[Fwd: [Boost-users] [boost] Formal Review: Boost.Polygon
starts today August 24, 2009]
Barend.Gehrels at geodan.nl
Tue Sep 1 19:31:57 EDT 2009
Martin Davis wrote:
> Ok, I can see that. So in other words, GEOS uses a dynamic coordinate
> access paradigm, which gives flexibility to access different data
> structures, but can't be optimized by the compiler?
It is not only the compiler. Dynamic memory allocations are relatively
slow. Allocating 1000 times a point is slower than allocating once 1000
> Is this the reason for the performance difference for *all* the other
> libraries which beat it in peformance? Or maybe some of them *don't*
> provide the dynamic data structure wrapper, and hence also can be
> optimized by the compiler (but thus they are less adaptable for use
> with external data structures).
I don't know this for sure but I think most allocate for the whole
polygon or linestring at once. GPC is e.g. C, not C++.

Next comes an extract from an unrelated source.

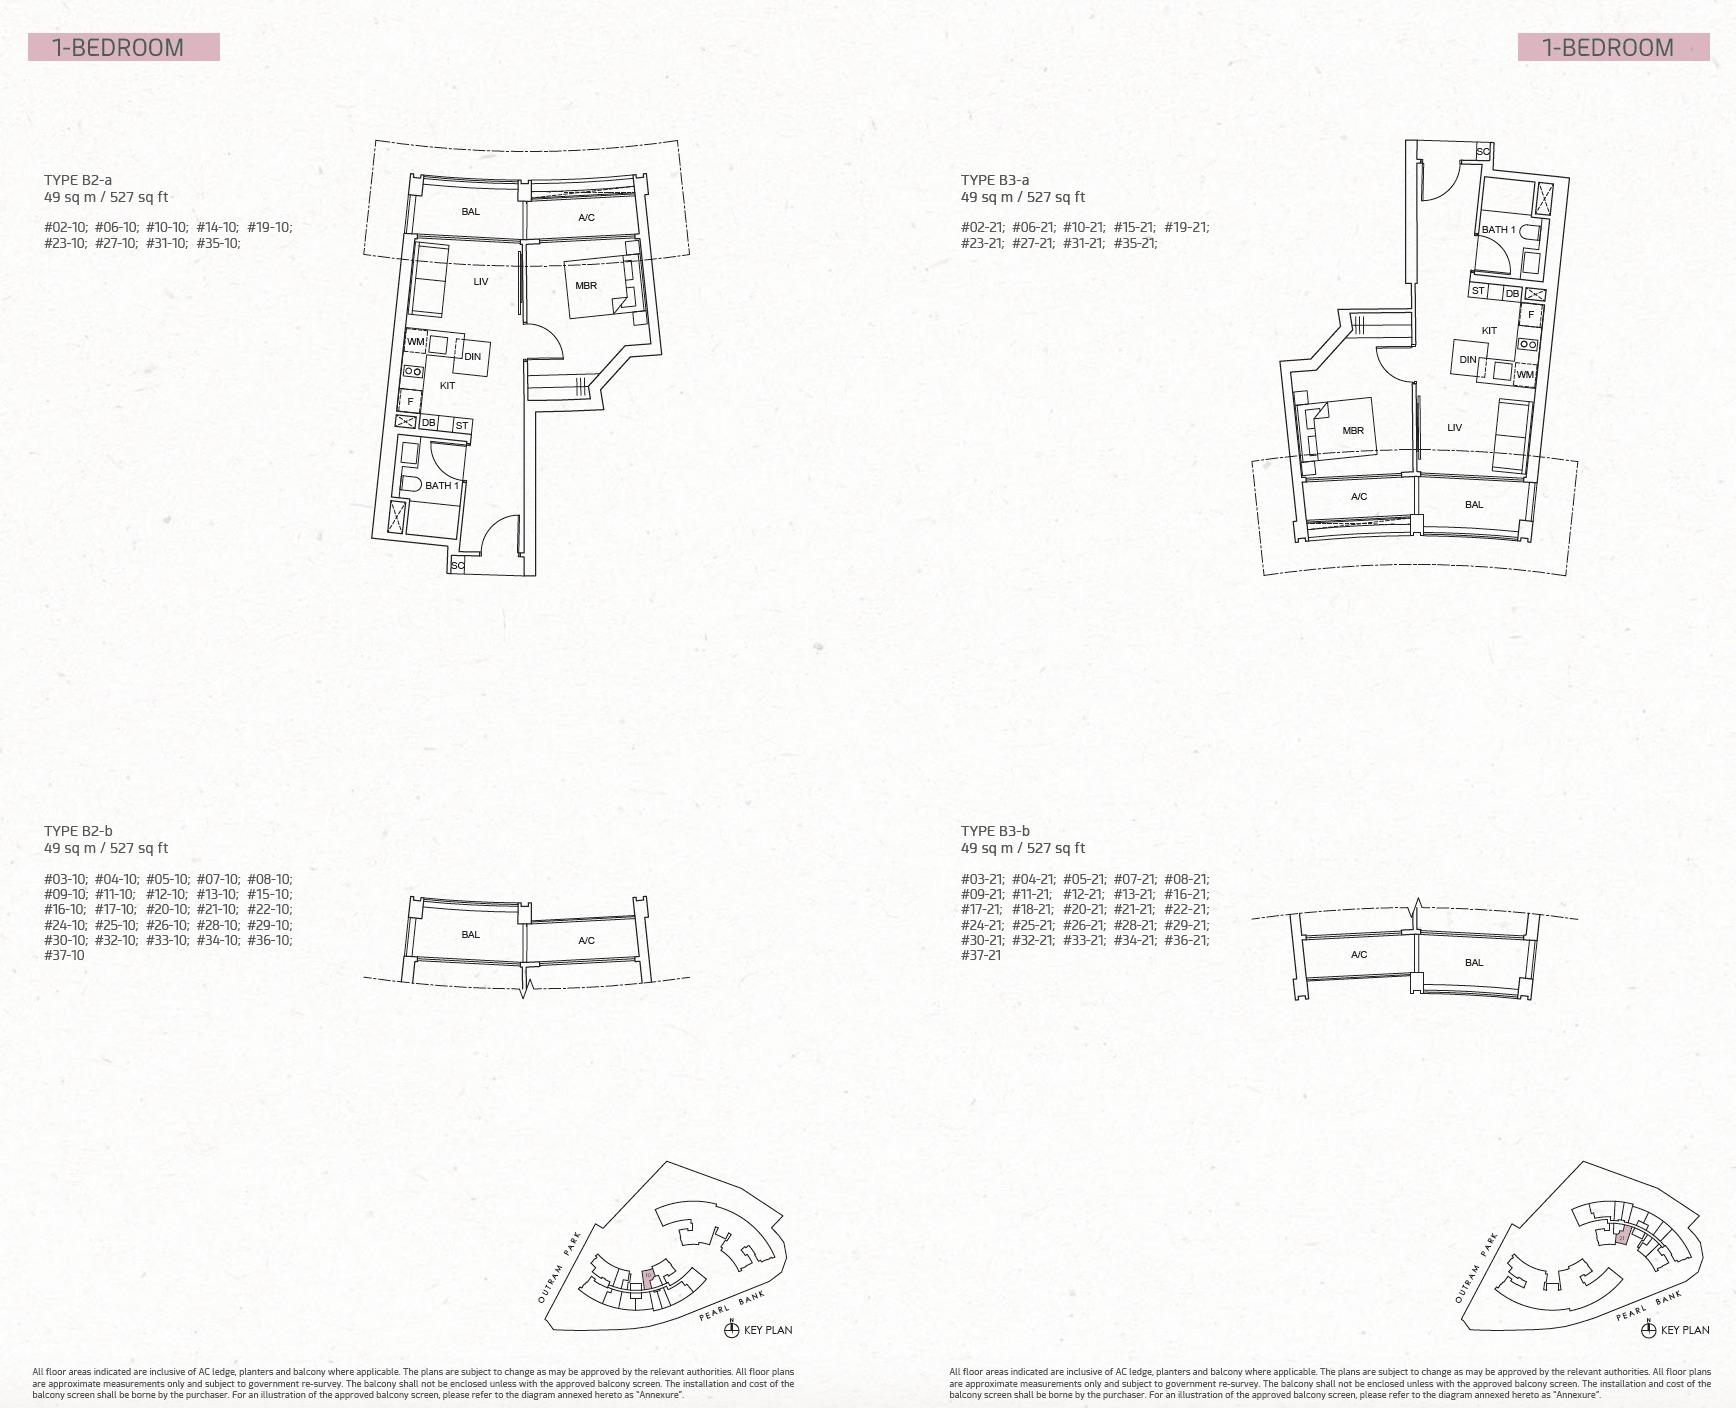 One-Pearl-Bank-floor-plan-1-bedroom

> I presume it would be a big job to convert GEOS to a template-based
Probably. What would be possible and feasable is adapting GEOS's
datastructures (polygon) to GGL's concepts and then call e.g. GGL's
intersection. It would at least be a nice experiment. You still have the
dynamic memory then, but you can see which part is the algorithm and
which part is the memory access
> It's somewhat annoying that the problem of efficient memory access and
> compiler optimization is quite orthogonal to the actual geometric
> algorithms, and yet it seems difficult to express the algorithms in a
> sufficiently abstract way to allow optimizations to take place.
I don't see this. Using the std-library, both access to a vector and
(temporary) storage using a vector or deque are usually quite fast.